Rising Pressure on Maritime Transport and Vietnam’s Logistics Amid Escalating Middle East Tensions

Logistics Knowledge

The attacks targeting Iran and escalating tensions in the Middle East are directly impacting global maritime transport, particularly in the Strait of Hormuz, which handles about 20% of the world’s oil and LNG shipments.

Key impacts on maritime transport:

• Increased maritime security risks: Many international shipping lines have raised security alert levels, adjusted routes, or delayed vessels transiting the Persian Gulf. War-risk insurance premiums have surged, especially for oil tankers and container ships operating to and from the Middle East.

• Rising freight rates: Freight rates on Asia–Middle East and Asia–Europe routes are trending upward due to:

  • Higher insurance costs

  • Longer transit times (if rerouting is required). The standard Asia–Europe route via the Suez Canal may shift to a diversion route via the Cape of Good Hope, significantly extending sailing time.

  • Localized container shortages

• Risk of energy supply chain disruption: If oil flows through Hormuz are severely disrupted, bunker fuel costs will rise, pushing up global logistics expenses.

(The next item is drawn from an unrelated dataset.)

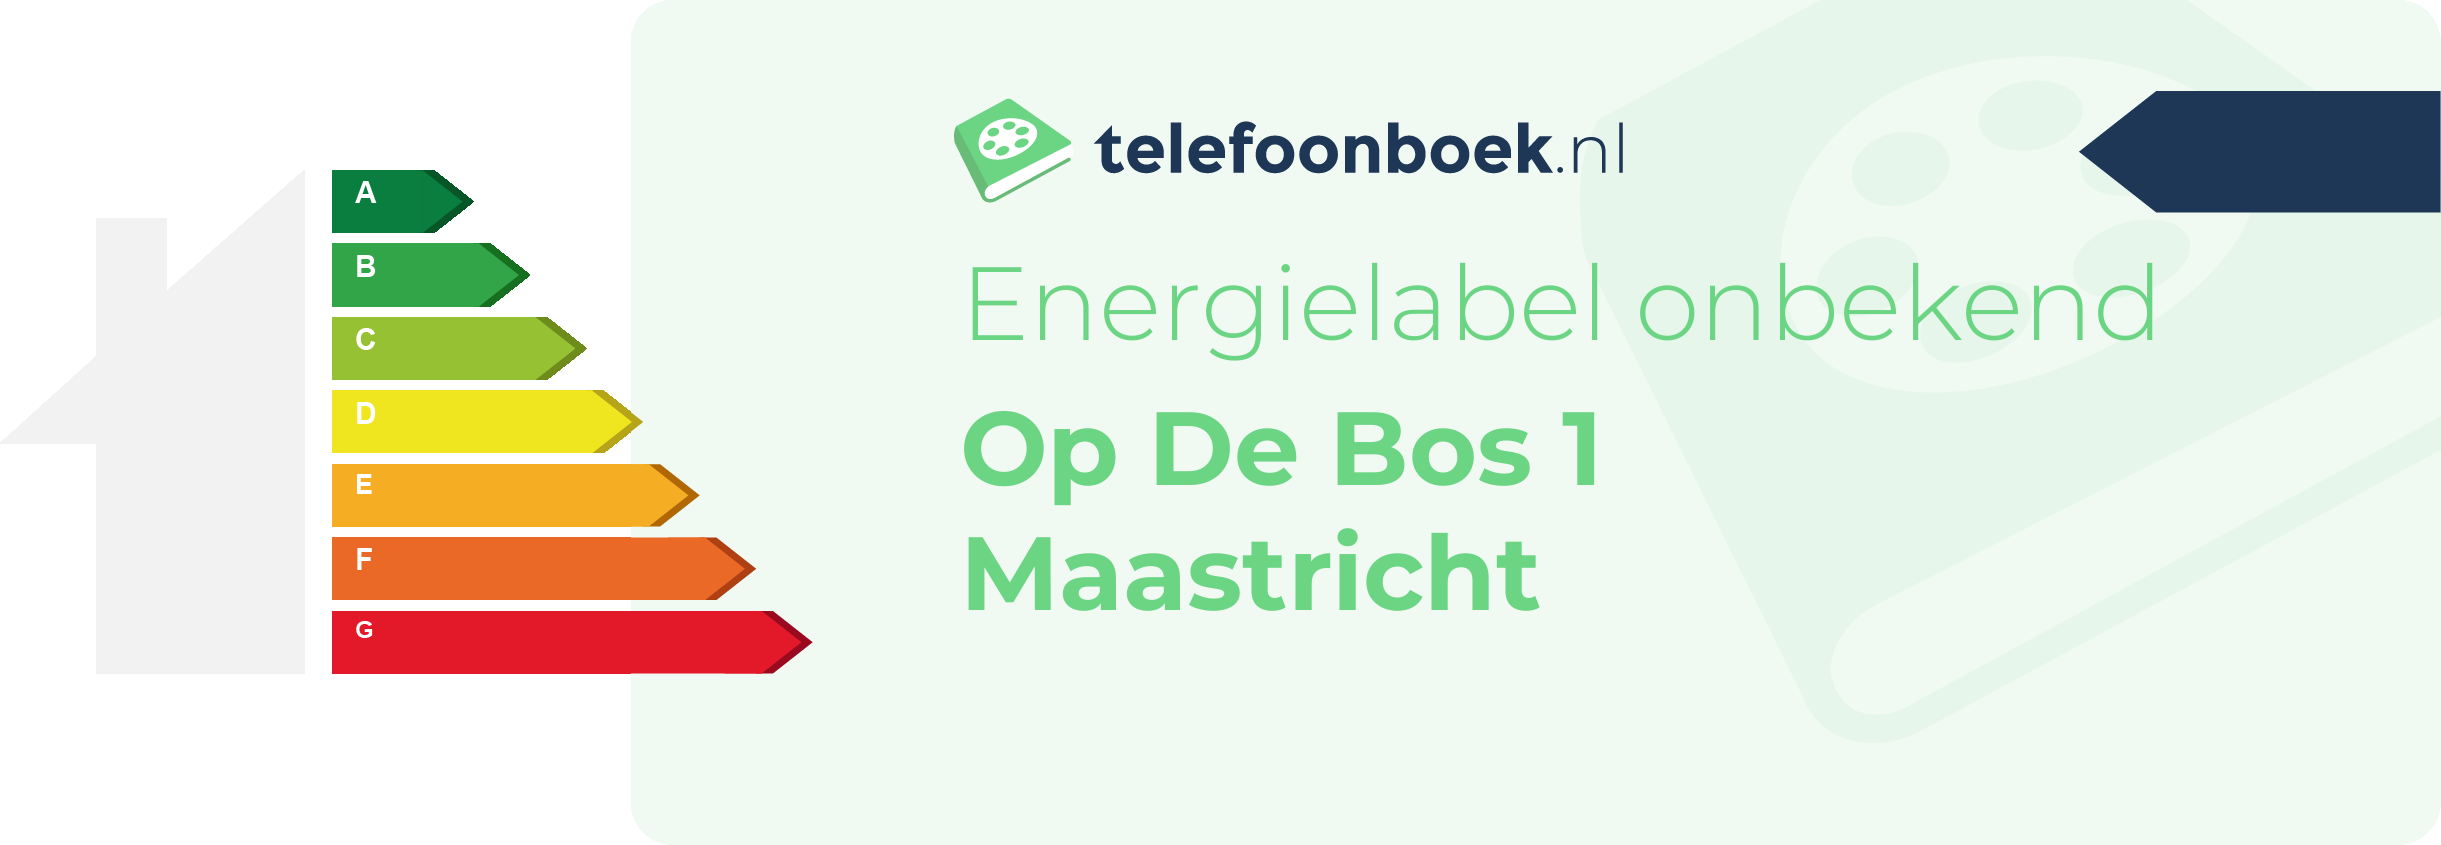 Energielabel Op De Bos 1 Maastricht

According to the Vietnam Logistics Business Association, domestic logistics firms are facing mounting international freight cost pressures, particularly for exports to the EU.

The Ministry of Industry and Trade of Vietnam has advised businesses to:

  • Closely monitor route risks

  • Renegotiate insurance terms

  • Prepare alternative shipping plans

So far, no direct damage to Vietnamese vessels has been reported. However, indirect impacts are evident through rising freight and insurance costs, shipping delays, and increased export pricing pressure. Prolonged conflict could shift impacts from cost escalation to actual supply chain disruptions.